§ **WHAT THE TASK ASKS**
The material beneath this line should be printed exactly, with its pictures omitted.

§ **GIVEN DATA**
◇ ◇ ◇

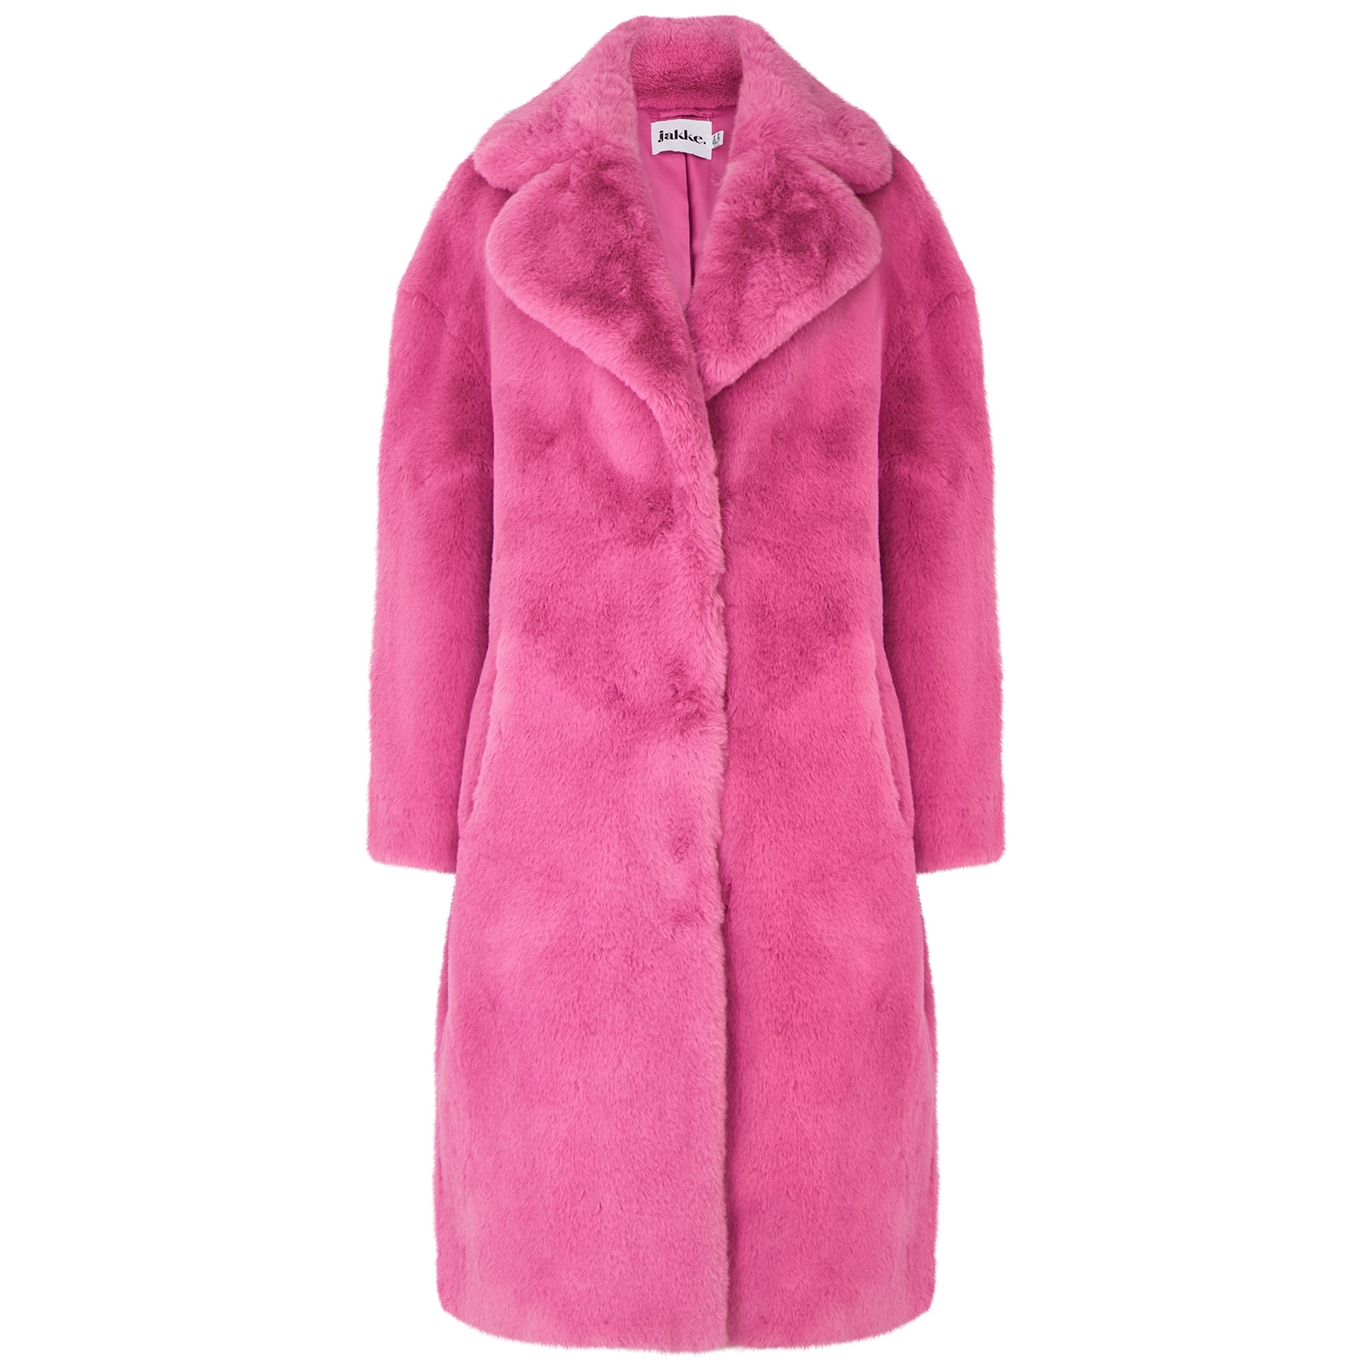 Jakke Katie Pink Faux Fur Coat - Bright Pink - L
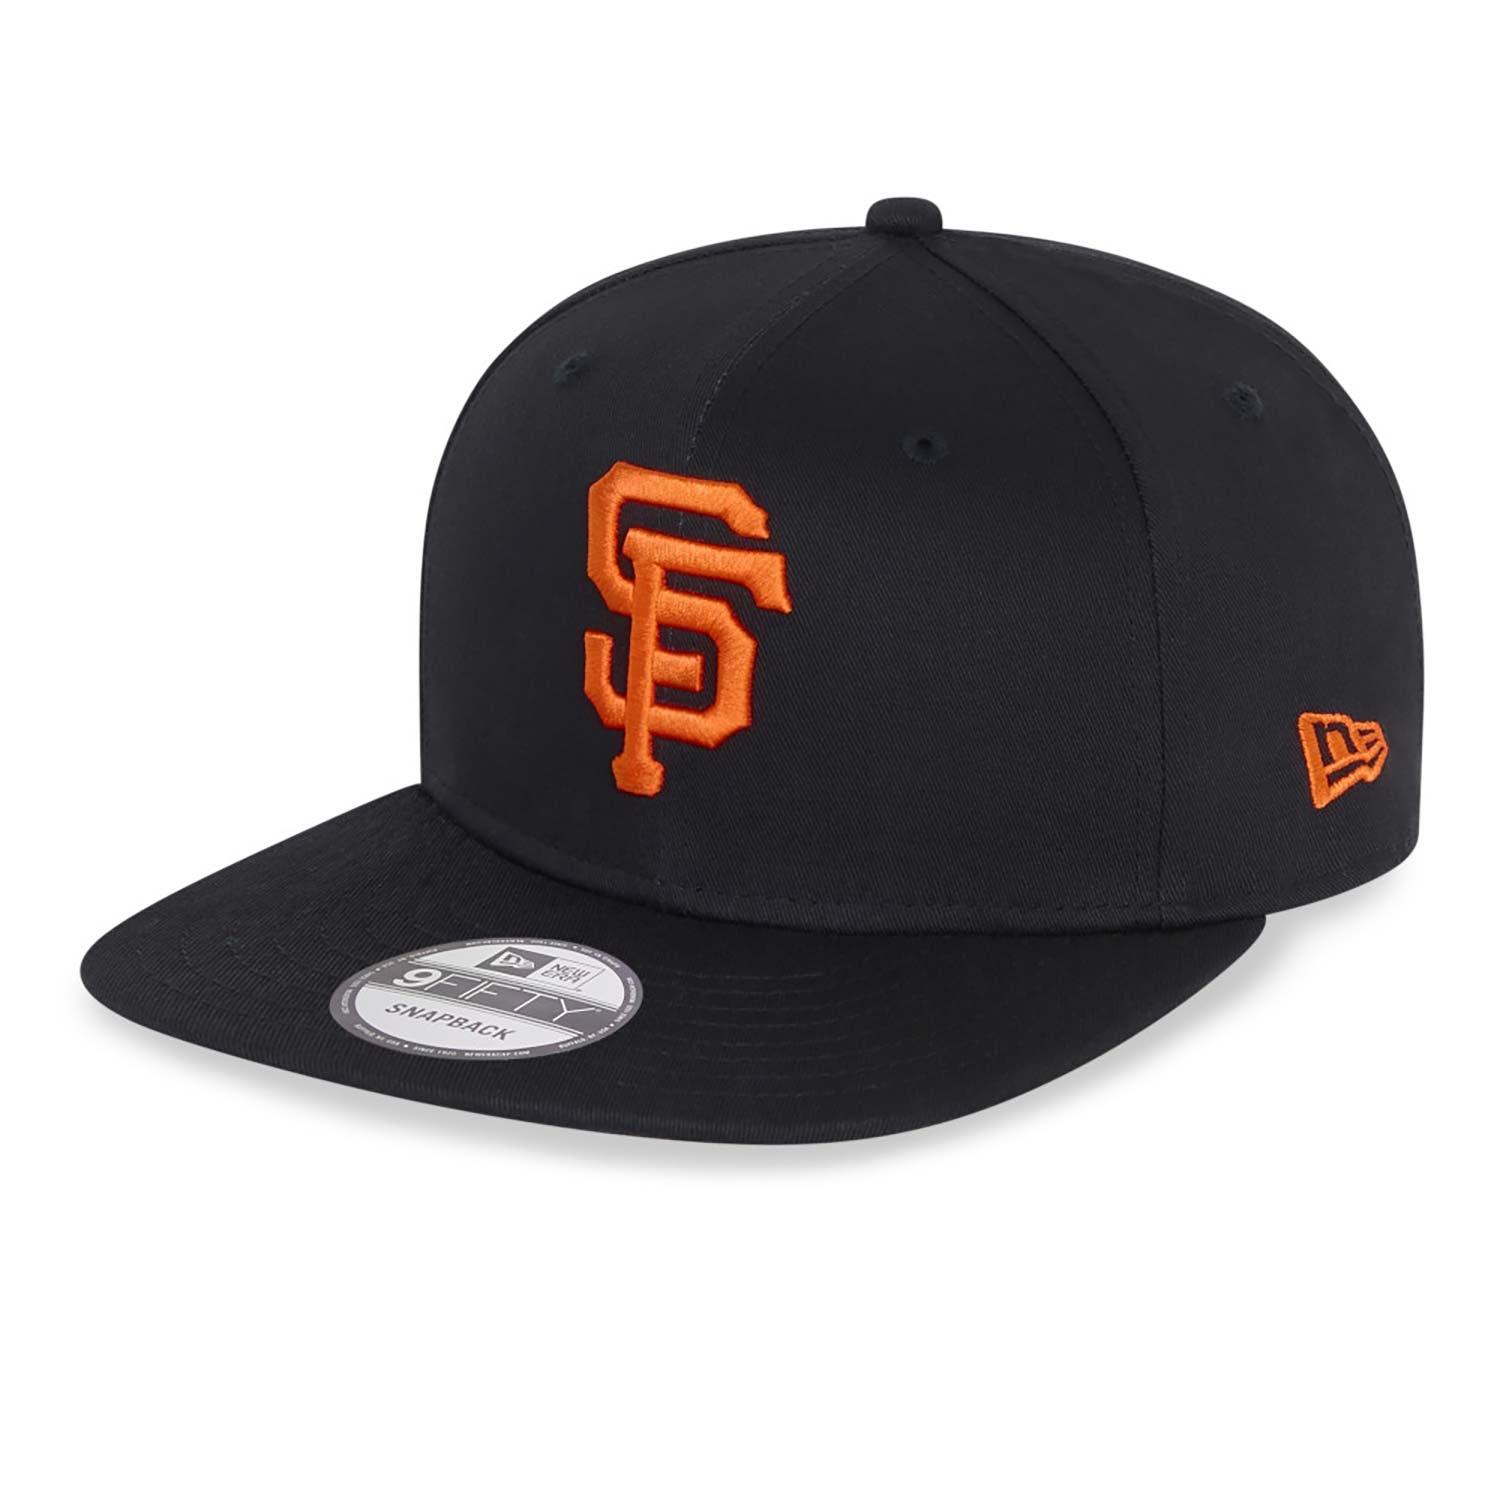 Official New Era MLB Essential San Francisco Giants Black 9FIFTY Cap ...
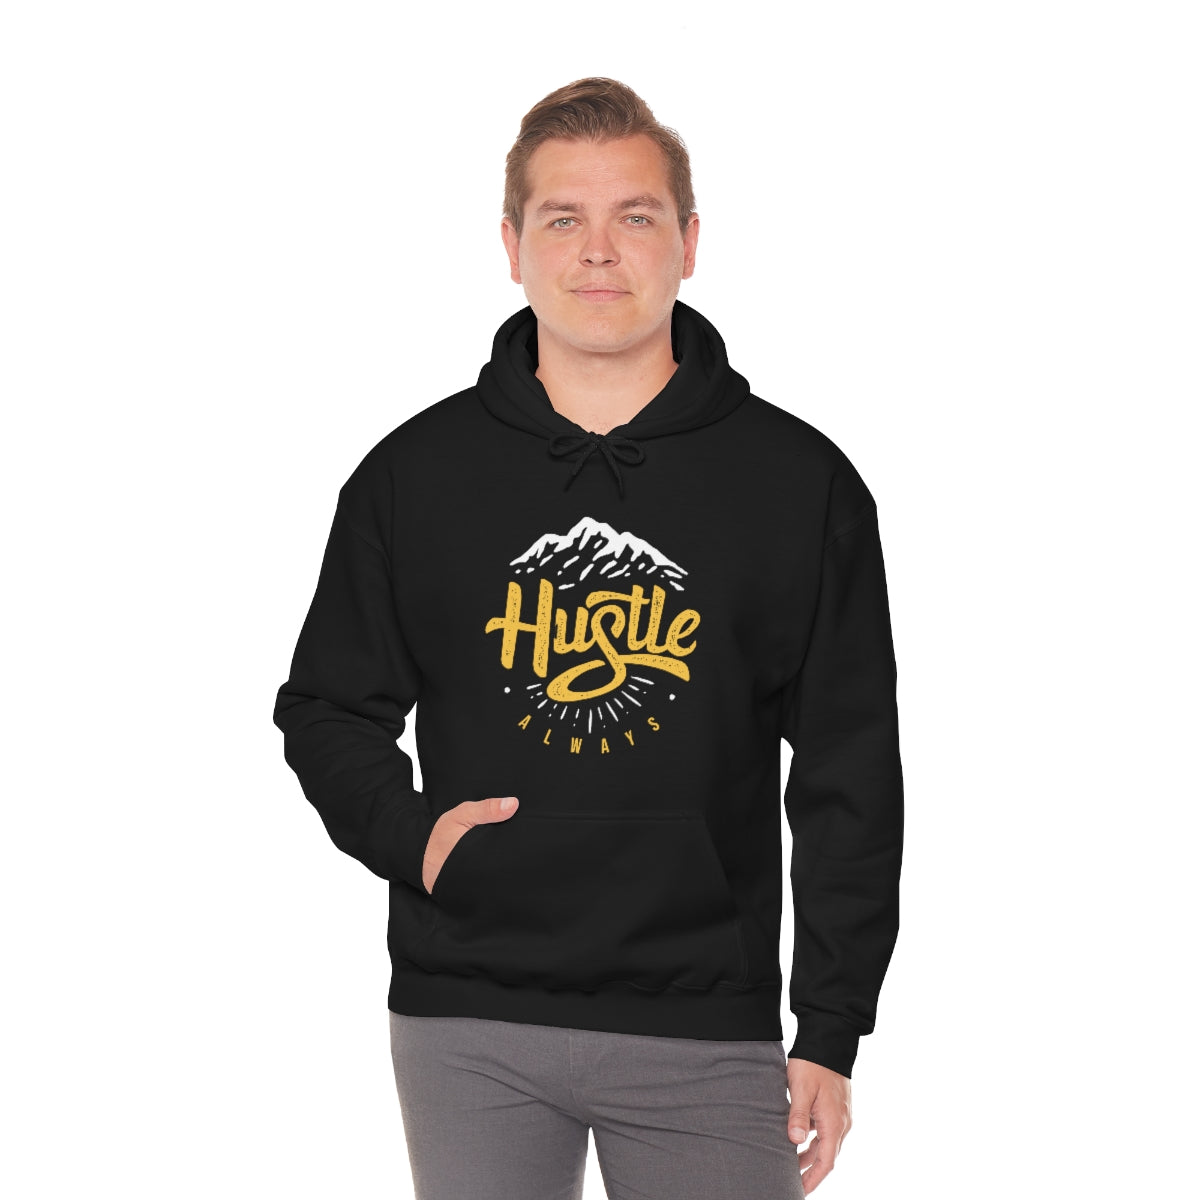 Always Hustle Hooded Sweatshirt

◇ ◇ ◇

§ **ANSWER TO THE EXERCISE**
 Jakke Katie Pink Faux Fur Coat - Bright Pink - L
 Official New Era MLB Essential San Francisco Giants Black 9FIFTY Cap ...
 Always Hustle Hooded Sweatshirt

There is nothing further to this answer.